**Raw data:**
+++
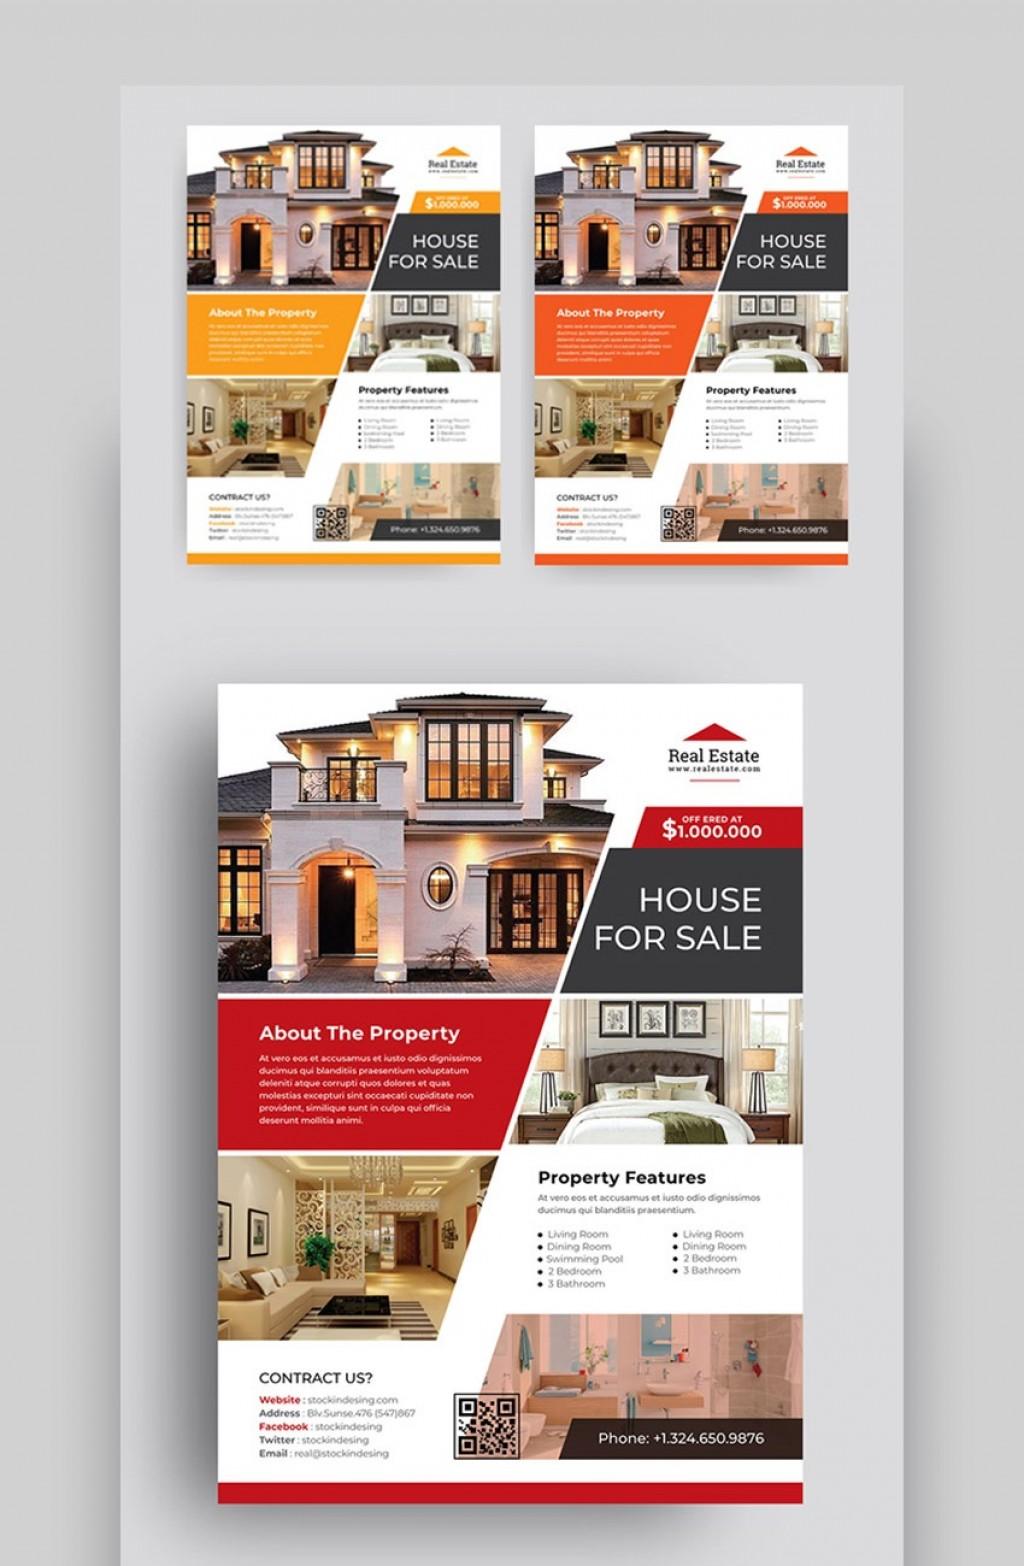 007 Sensational Real Estate Marketing Flyer Template Free Highest Clarity Large
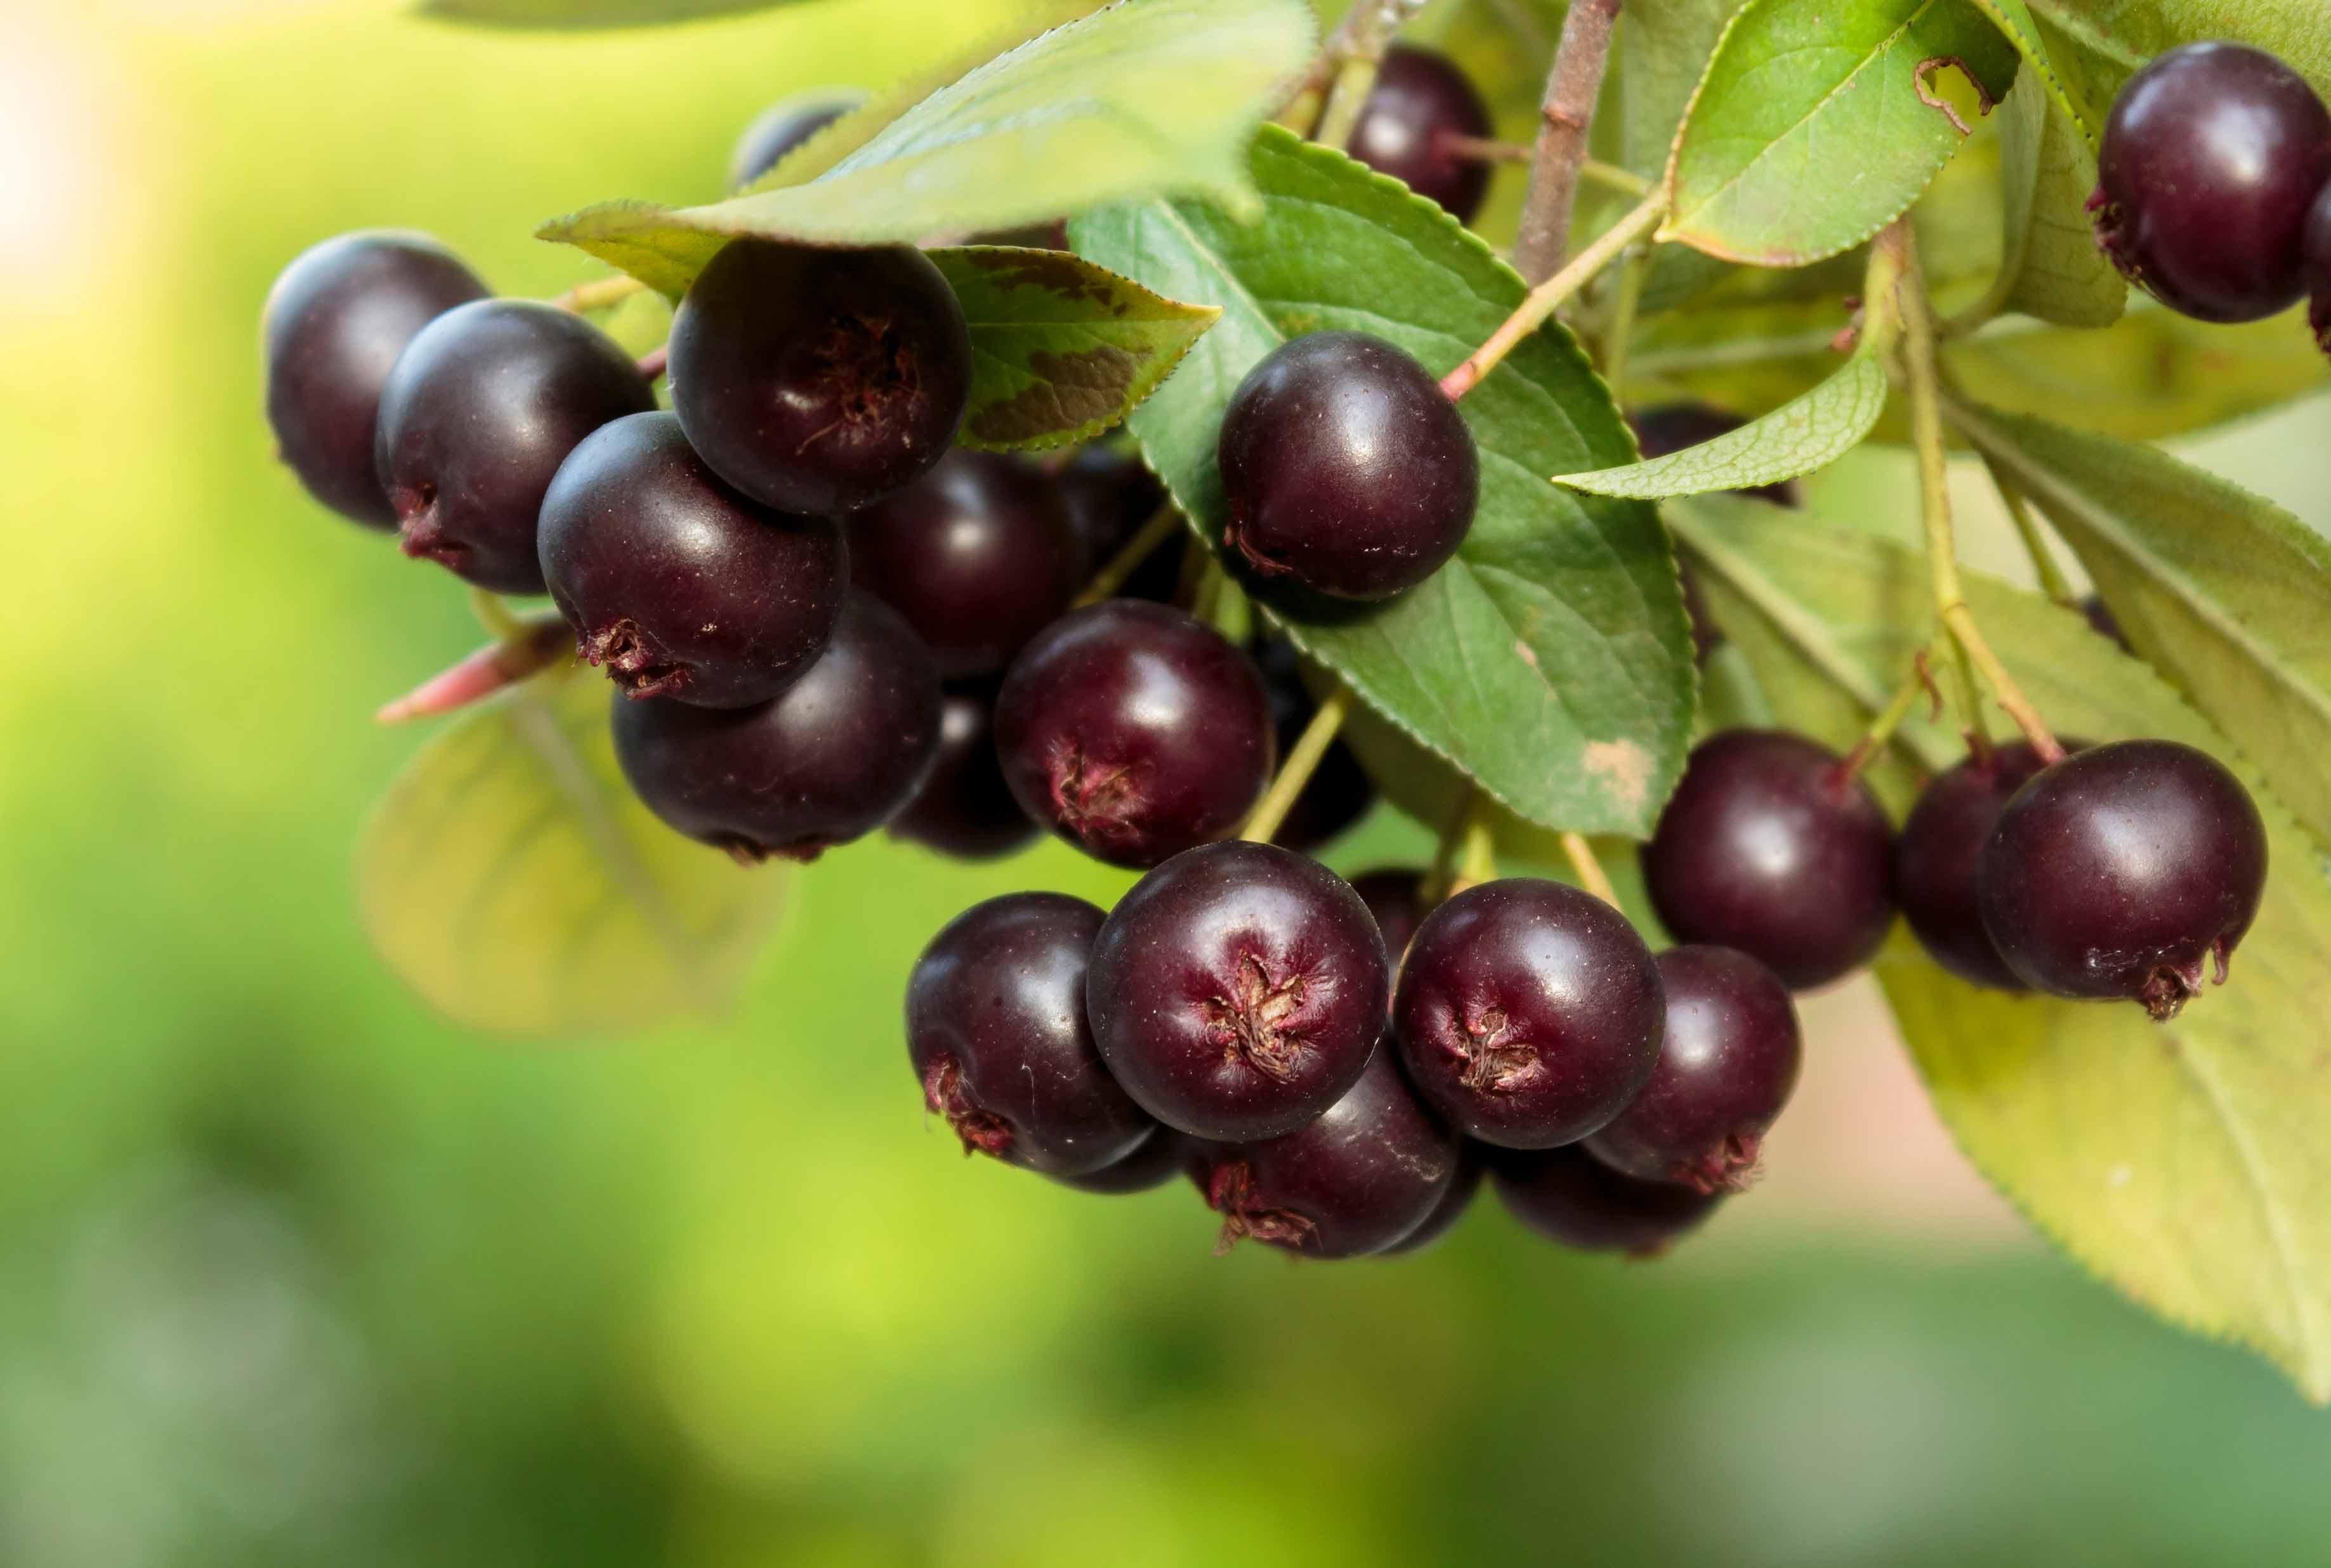 Growing Berries on the Suburban Farm
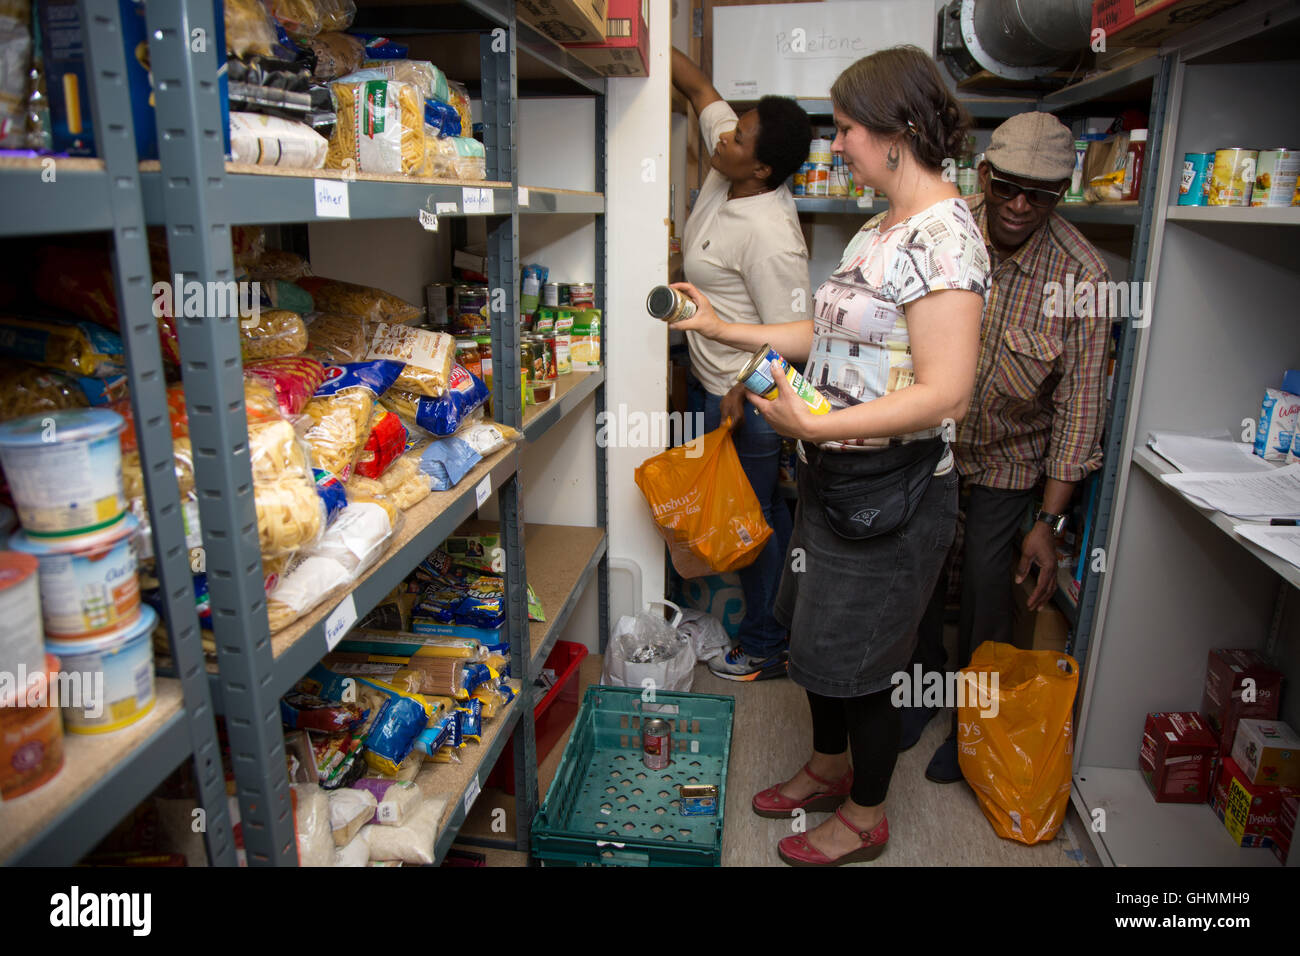 Volunteers stock shelves at North Paddington foodbank. - Stock Image
+++
**Task directions:** Please return exactly the lines from the one containing "Growing Berries on the Suburban Farm" through the end of the material above, both ends included, but not the pictures.

**Exercise answer:**
 Growing Berries on the Suburban Farm
 Volunteers stock shelves at North Paddington foodbank. - Stock Image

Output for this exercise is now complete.